Unless your institution applies to the government to make access to the school website free. Which has also been around quite a while but with the pandemic really kicked off (Application details here:, so now we know that access can be free and that in the majority most students will be able to have access via their mobile. We need to develop the content to be open and resource-friendly, so it can be shared in a way that ultimately a community is affected rather than just whoever holds the phone. That should be easy, right? Just convert everything we have to mobile online formats… Nope. Not that easy.

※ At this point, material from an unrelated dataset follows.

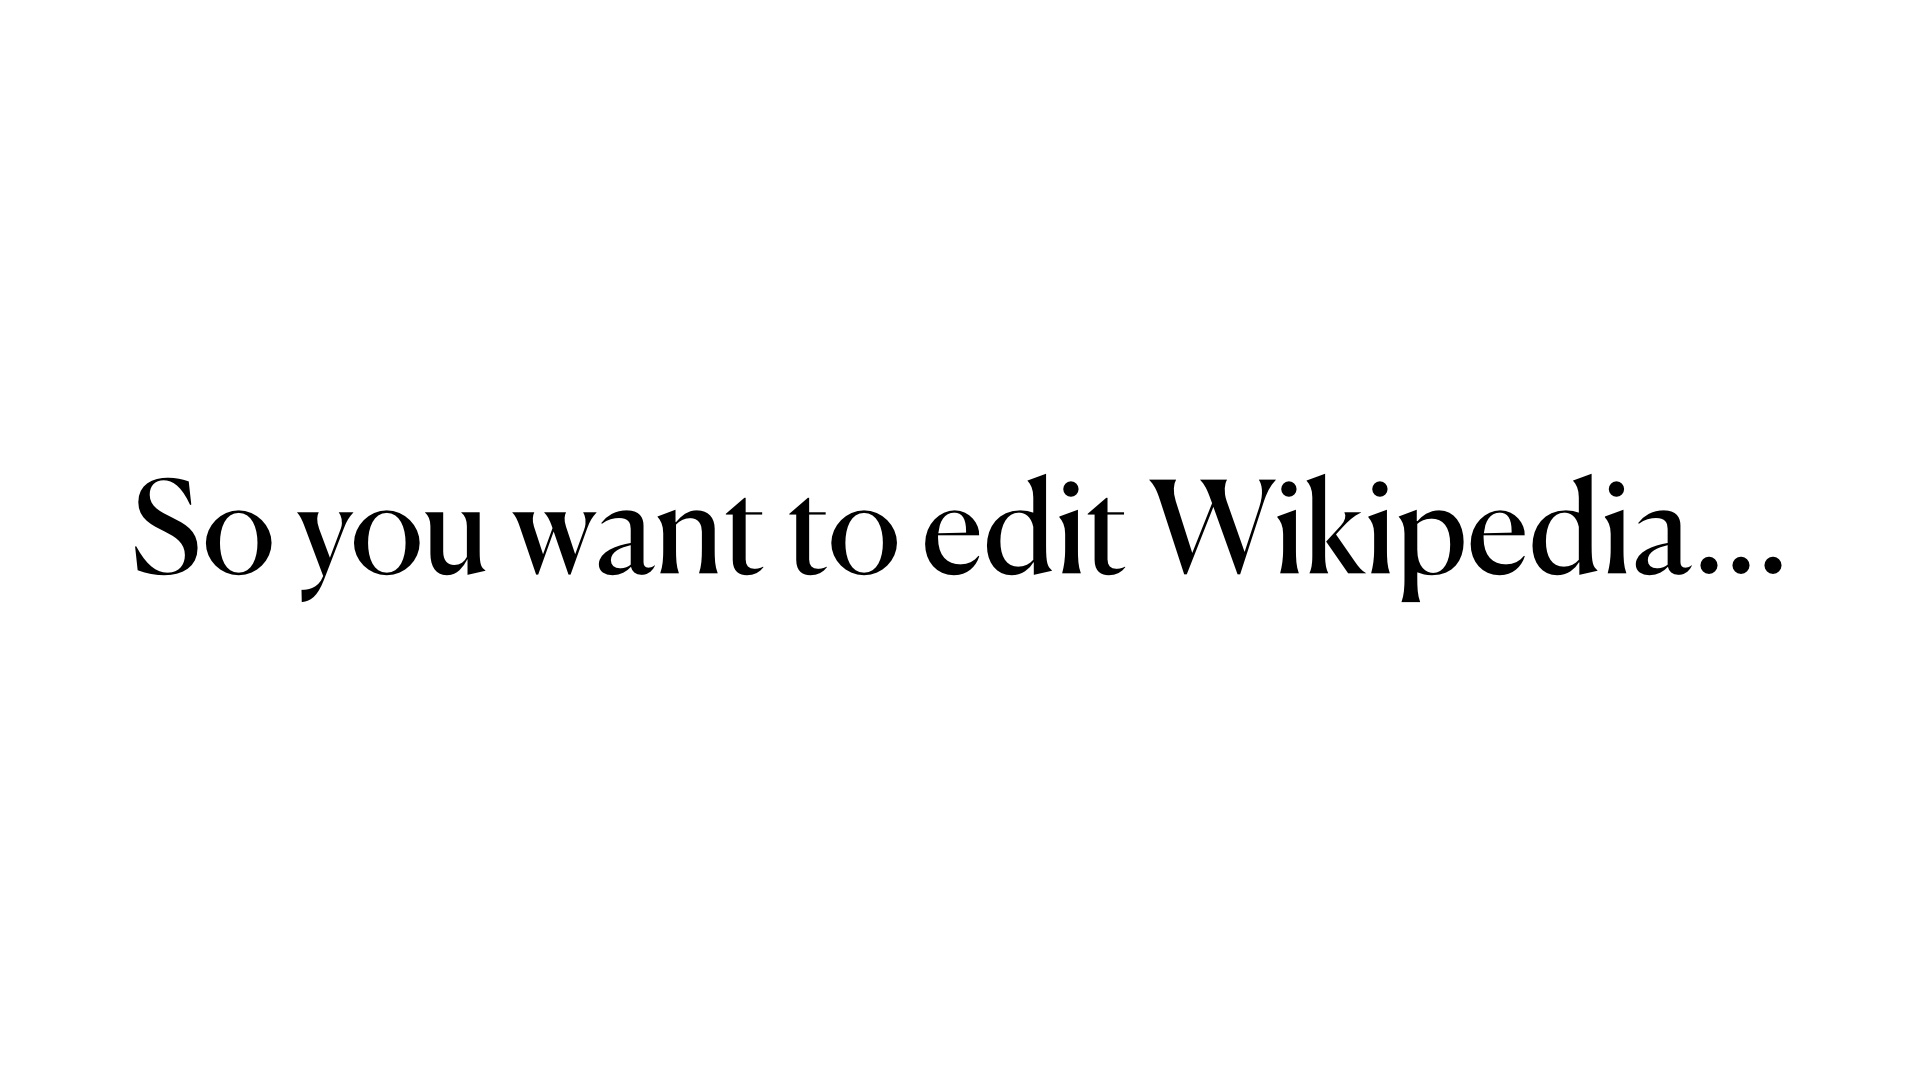 So you want to edit Wikipedia…

What is the issue then? Especially going forward now with these tools in hand. Well from what I have seen it is two main issues, and its a human problem, one, as I have discussed, teachers don’t want to be teachers, and it’s not their fault, this is where infrastructure and all that becomes an issue, we just have a general lack of resources, which is part reason why we aim to try to alleviate as much with the use of digital tools, the other massive issue is content integration, those creating the curriculum content are not invested or knowledgable enough in integrating digital literacies into the educational format required for our low data using and multicultural digital environments. There is a tendency to create content for content’s sake rather than continuity. So it’s the content and the people really, the people aren’t taking/given enough time and effort to integrate a purpose, but are rather just doing so because they were told to and to get it done, drudging through terms and semesters, never realising that a little effort now saves a lot later, and that ultimately affects the content, those who care little do little and it is reflected in the application of the educator to course content. I think when some develop content they do so with the intention of ending where they stop writing. And so then what tends to happen is content then becomes monotonous and stale, it lacks engagement and style. We have to unteach teachers from being “teachers” to teach them to be Teachers. Be facilitators of growth in not only others’ lives but theirs too, rather than just being educators of a subject working their own version of 9 to 5. Like trees that bear full fruits which the whole community benefits from, the teacher must be. 

A man has made at least a start on discovering the meaning of human life when he plants shade trees under which he knows full well he will never sit.